论碎屑岩储层成岩过程中有机酸的溶蚀增孔能力

Porosity enhancement potential through mineral dissolution by organic acids in the diagenetic process of clastic reservoir

碎屑岩储层成岩过程中，烃源岩中有机质热演化能够释放大量有机酸并强烈溶蚀铝硅酸盐和碳酸盐矿物，进而形成规模性次生孔隙的观点为石油地质学家所普遍接受。笔者以国内外有机质热解生成有机酸的实验为依据，系统计算了单位质量干酪根的生酸潜力。以东营凹陷北部陡坡带为例，在计算古近系沙河街组沉积地层泥砂比、主力烃源岩有机质丰度及主力烃源岩最大生一排酸潜力的基础上，分别计算了有机酸溶蚀铝硅酸盐和溶蚀碳酸盐矿物对储层的最大增孔能力。然后以全球范围油气储层地层水有机酸浓度为参考，结合室内有机酸溶蚀碳酸盐矿物的实验，探讨了碳酸盐矿物的规模性溶蚀作用与地层酸性流体供给能力的匹配关系。结果表明：在缺少断层和不整合等优势运移通道时，有机质热演化过程中释放的有机酸溶蚀铝硅酸盐矿物能够产生的最大次生孔隙度约4．49％～7．48％，这一数据在一定程度上与现有认识一致；而有机酸溶蚀碳酸盐矿物能够产生的最大次生孔隙度约1．54％～2．56％，这一数据要大大低于多数学者的主观认识。在缺少足够的碳酸盐溶蚀证据的情况下，将中深层异常高孔隙度储层中大量的粒间孔隙界定为早期碳酸盐胶结物完全溶蚀形成的次生孔隙的观点值得商榷。

In the diagenetic process of clastic reservoirs, organic matters in source rock can release large amounts of organic acids during the thermal evolution process. The hypothesis that these organic acids can strongly corrode aluminum silicate minerals and carbonate minerals to create secondary pores of certain scale is prevalent in petroleum geologists. On the basis of worldwide experimental data of pyrolysis of organic matter, the author calculated the organic acid production potential of unit mass of kerogen. Taking the northern steep slope of Dongying Sag as an example, shale/sand ratio, abundance of organic matter and organic acid production-expulsion potential of main source rock were calculated. With these parameters, porosity enhancement potential for reservoirs through dissolution of aluminum silicate minerals and carbonate minerals by organic acids expulsed from source rock was calculated. Then, with the concentration of organic acids in worldwide oil and gas reservoir formation water as reference, combining with the water-rock reaction experiment, matching relationship between mass dissolution of carbonate minerals and supply capacity of acid formation fluid was analyzed. The result shows that without faults and unconformity as dominant migration pathway, secondary porosity created by dissolution of aluminum silicate minerals by organic acids released through thermal evolution of organic matters can reach as much as 4. 49%- 7. 48%, which is in consistent with existing cognition in some extent.

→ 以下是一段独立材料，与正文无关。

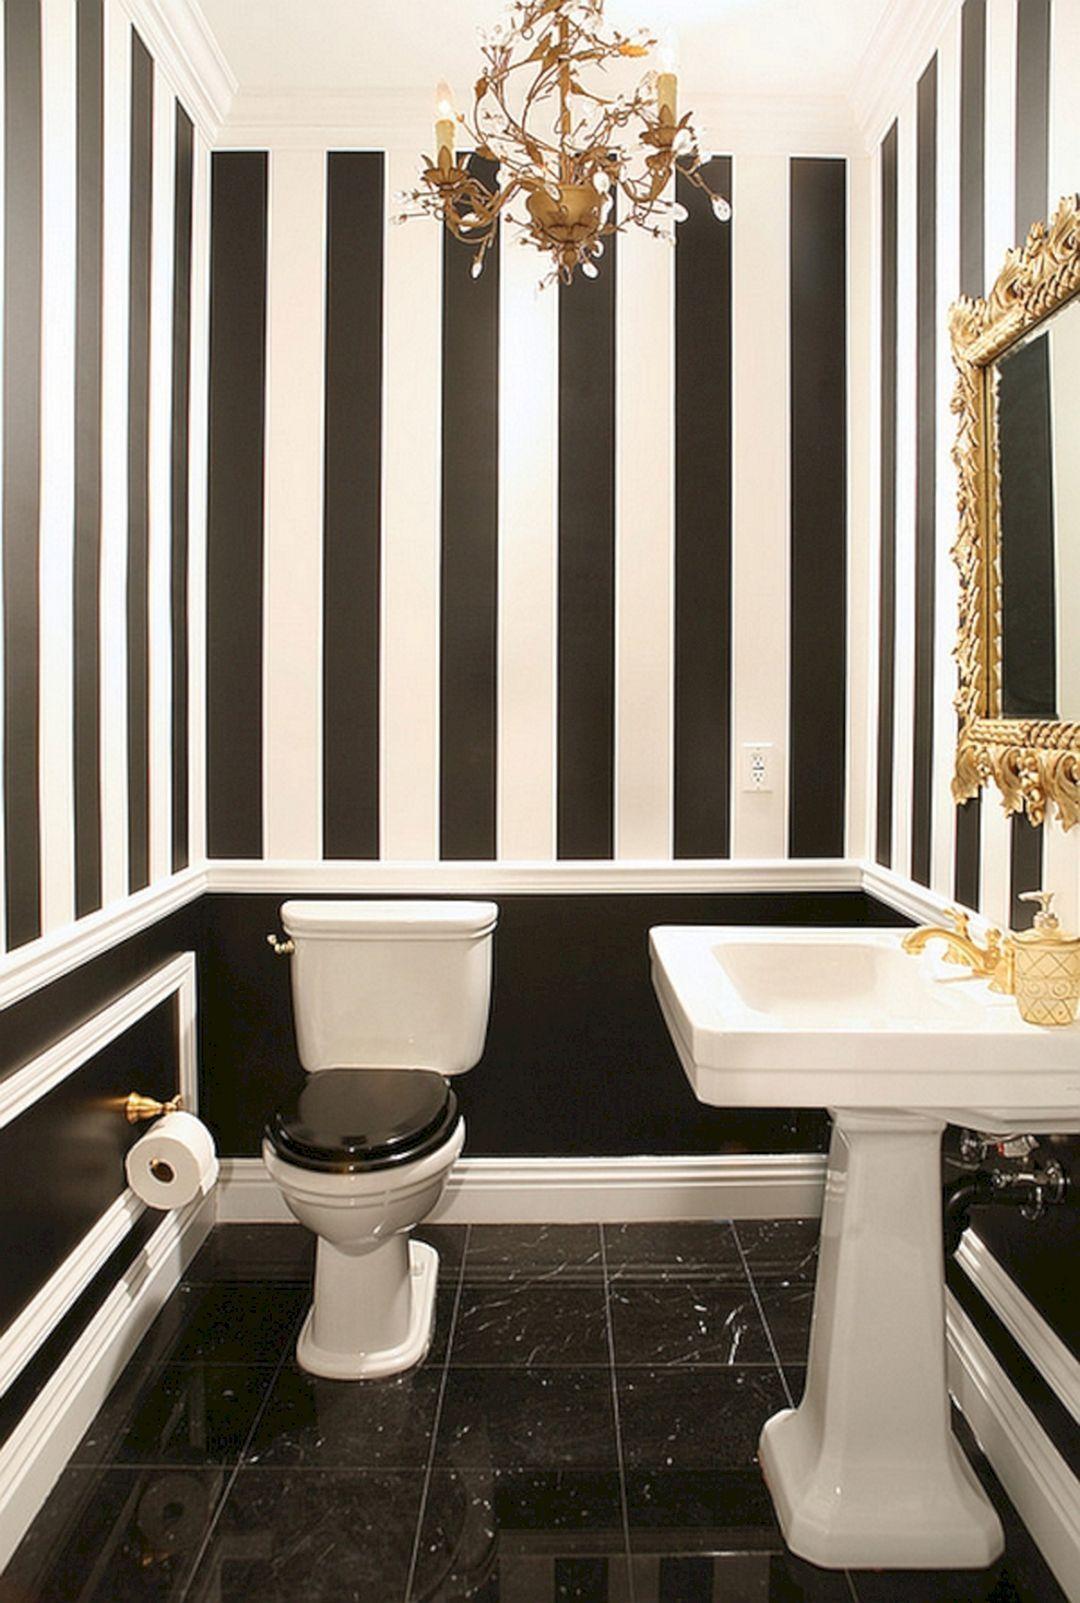 Black And White Gold Powder Room Ideas Black And White Gold Powder Room Ideas Design Ideas And Photos Bathroom Color Schemes Bathroom Inspiration Black And White Decor

However, secondary porosity created by dissolution of carbonate minerals is at most 1. 54%- 2. 56%, which is much less than the subjective perception of most scholars. Without convincing evidence, the idea that large amounts of intergranular porosity in mid-deep buried anomalously high porosity reservoir should be the secondary porosity produced by the dissolution of the early carbonate cement is fairly questionable.